I have heard recently that an attempt will be made to create a form of irregular Freemasonry that will preside over all of North America. We cannot ignore, nor accept, our members supporting this or any form of irregular Freemasonry or any appendant body that supports it.

Interestingly, the use of the Internet is now creating problems that just may be for us, of a magnitude perhaps unseen in our past. It is not only a tool for our enemies to attack us, but it also has become the major mechanism by which erroneous information is dissipated throughout the membership by our own members. Those members who have read it and assumed it was factual spread much of the information in error.

Not all of it is spread in error, however. It is being used today by those within the Craft who feel they have a vision for the future of Freemasonry that lies beyond the parameters of what made and sustained our greatness. It is within this small cadre of our own membership that lies perhaps the greatest threat to our survival as a viable institution, and again we cannot choose to ignore it.

Personally, my Brothers, I would like nothing more than to see all Freemasonry in the world united as a like-minded brotherhood of men dedicated to a common goal. Such an entity could only contribute to the strengthening of our noble institution. It would increase our potential to be an influence for the ongoing evolution of civil society and world peace.
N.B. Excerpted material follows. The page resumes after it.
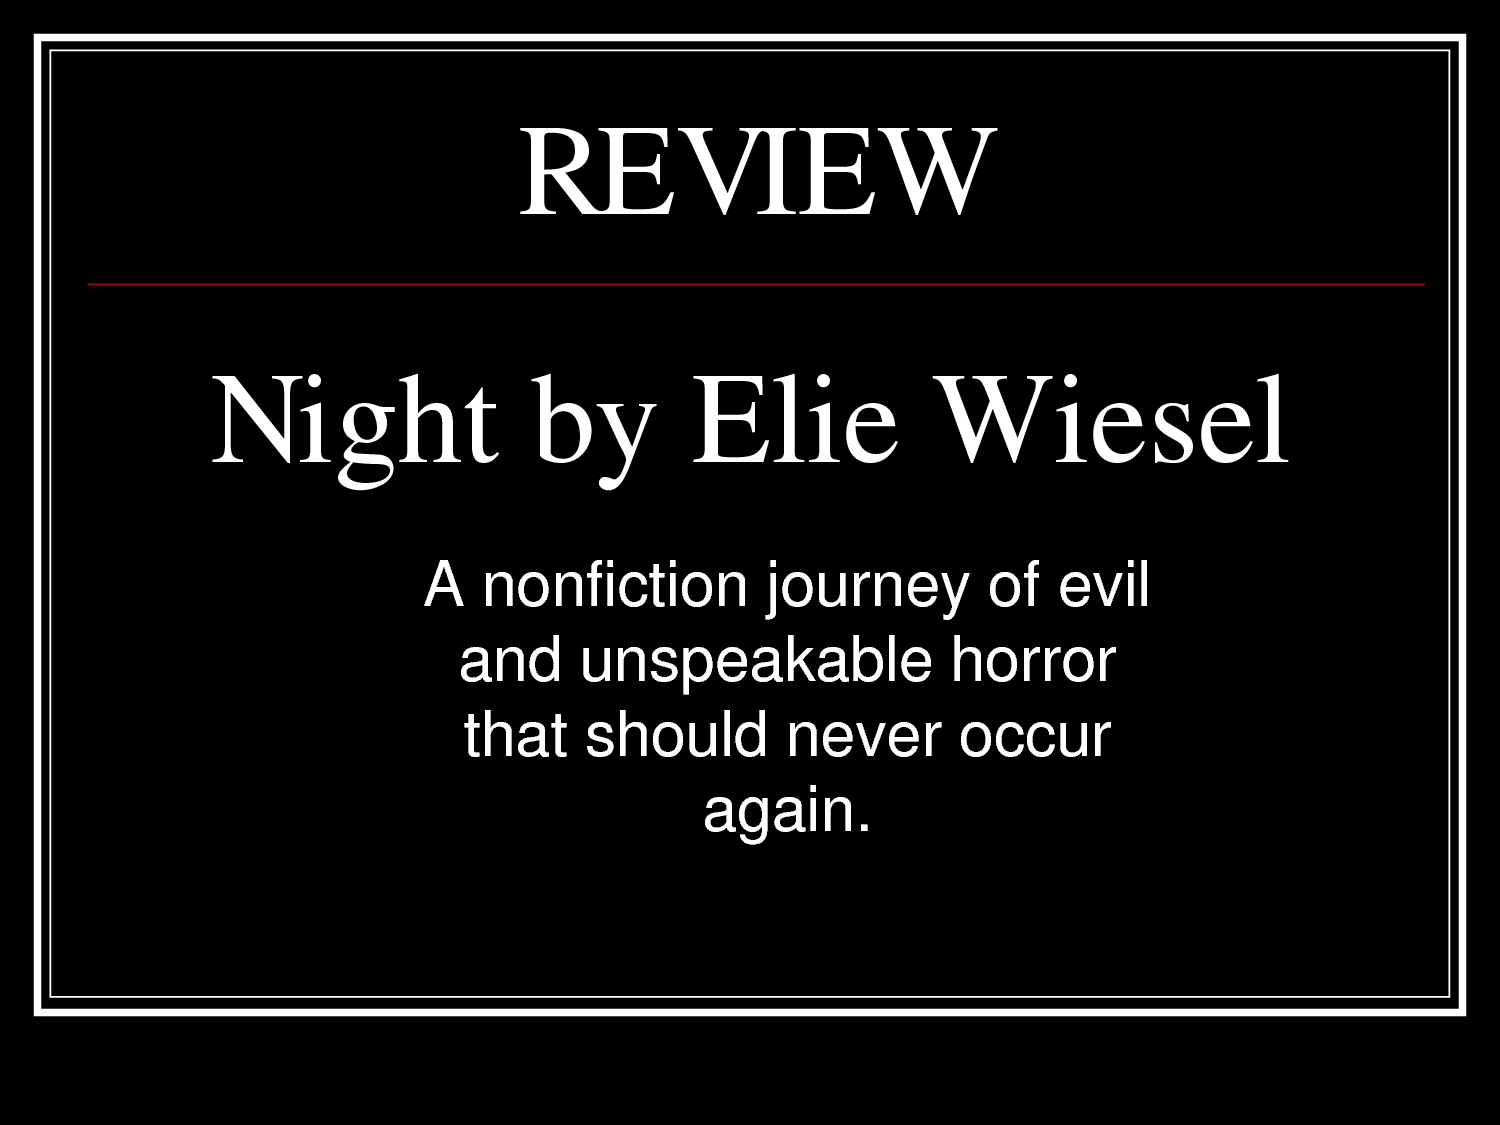 Elie wiesel night book report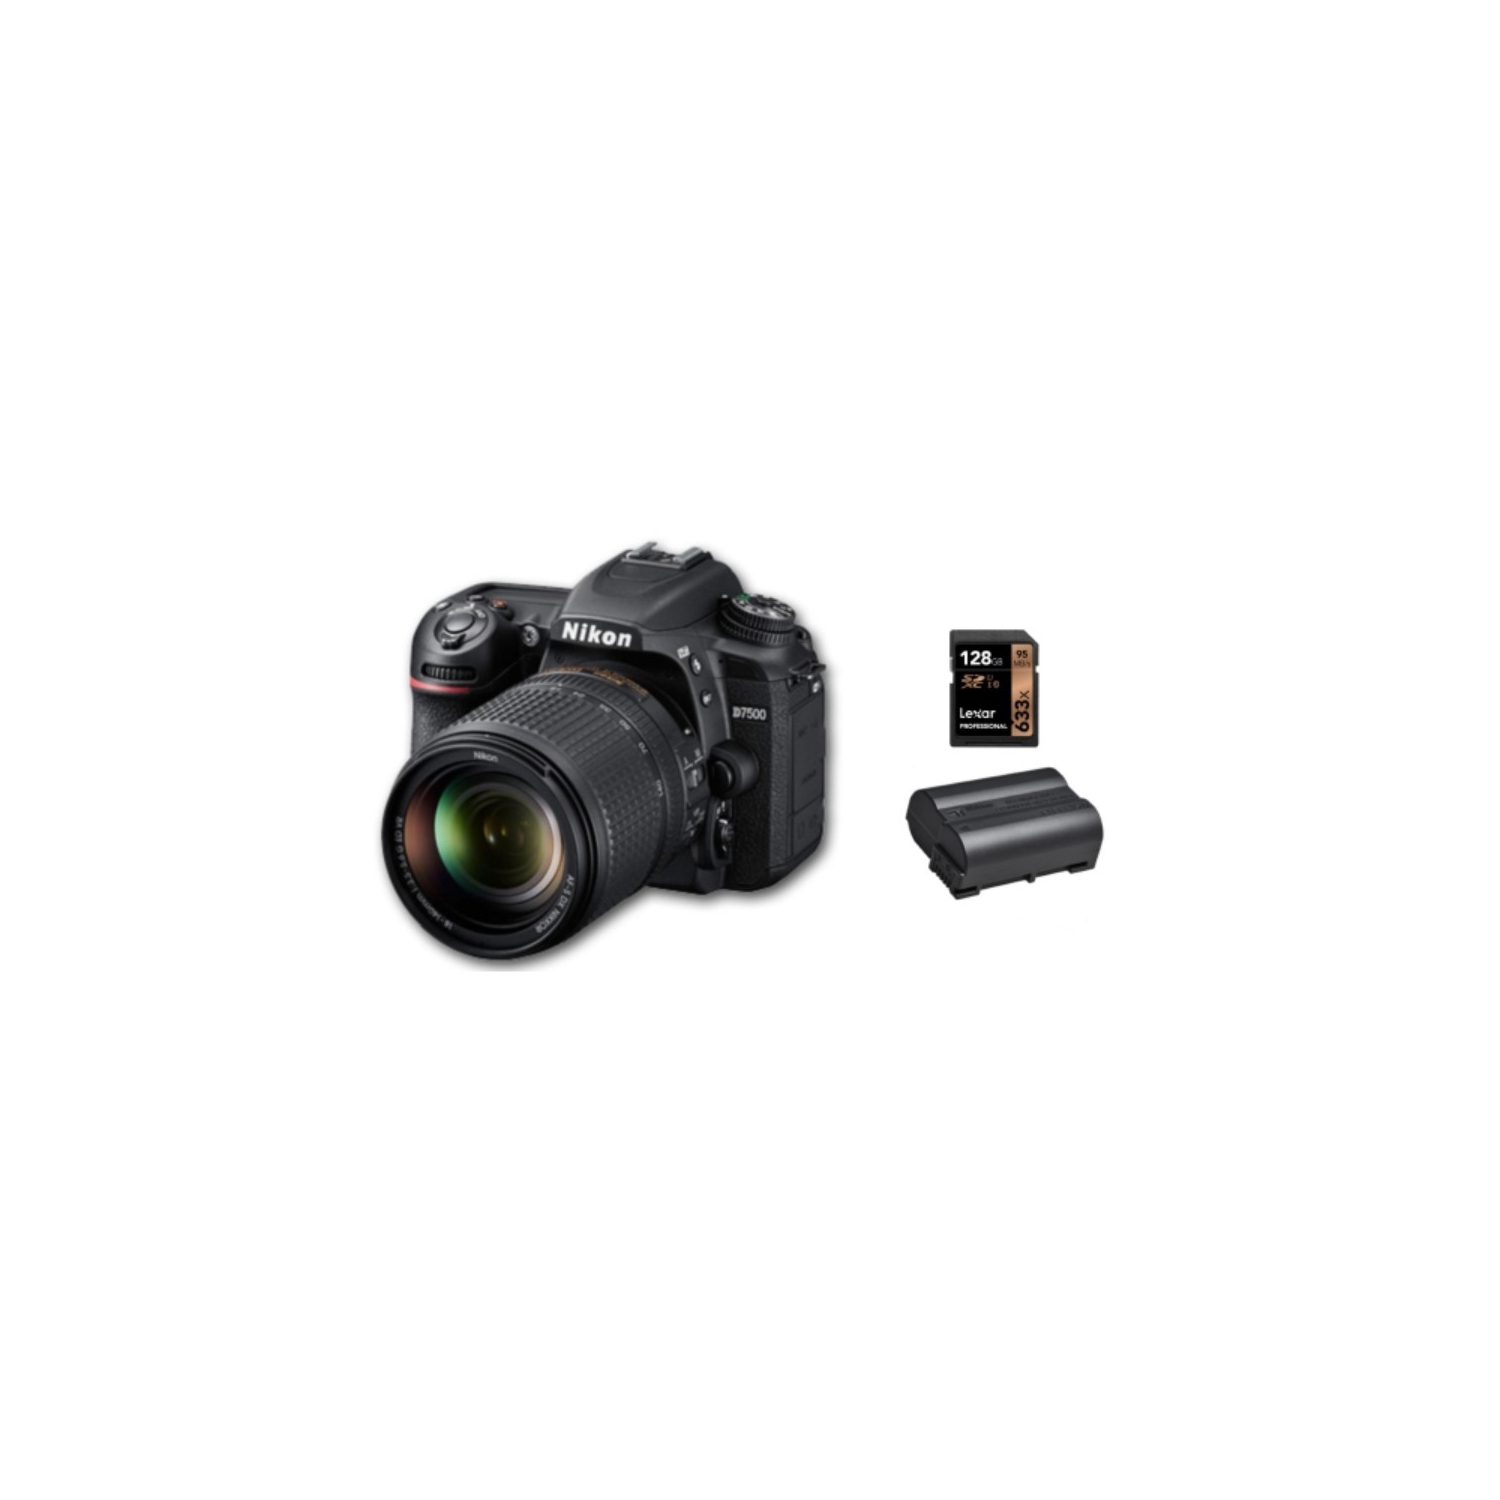 Nikon D7500 18-140 + EN-EL15C Batt + 128GB 800x SD

This cannot happen, however, so long this we remain ignorant of, or ignore the protocols of fraternal relations. Nor can it, nor will it happen, so long as conformity to the protocols which has sustained us for almost 300 years are not complied with by those seeking recognition. We, my Brothers, cannot be seduced into accepting anything less.

For the sake of Freemasonry it is therefore imperative that we become capable of divesting ourselves of our own limiting egos, and goals of creating self-perpetuating images and become more aware of the foundations upon which we have thrived for hundreds of years. We must become more concerned about the future of Freemasonry, and less about our own images.

My Brothers, the subject upon which I speak may be the greatest singular threat to our survival as a viable institution capable of impacting society in this millennium. Yet, the problem confronting us is one that we ourselves are causing, by creating or permitting disunity within the Craft, by supporting irregular instead of regular Freemasonry, by reacting instead of acting, and by failing to recognize our own ignorance on specific issues. We are not only, not helping the perpetuation of our Masonic craft; we are aiding and abetting in its demise. Our Grand Lodges should not accept it, and Freemasonry should not tolerate it.

If our Craft is to have a stable and contributory future, we must support our requirements of regularity, and requirements for fraternal recognition. We must also be unwilling to accept deviations from these requirements We must be prepared to remove from our brotherhood, those who choose not to conform to its protocols. Fraternal relations must be limited to Regular Freemasonry. Those Grand Lodges seeking recognition know what is required. If they cannot, or will not accept these parameters, then they fail to gain recognition, and if a Regular Grand Lodge chooses a divergent pathway, then they must risk losing recognition.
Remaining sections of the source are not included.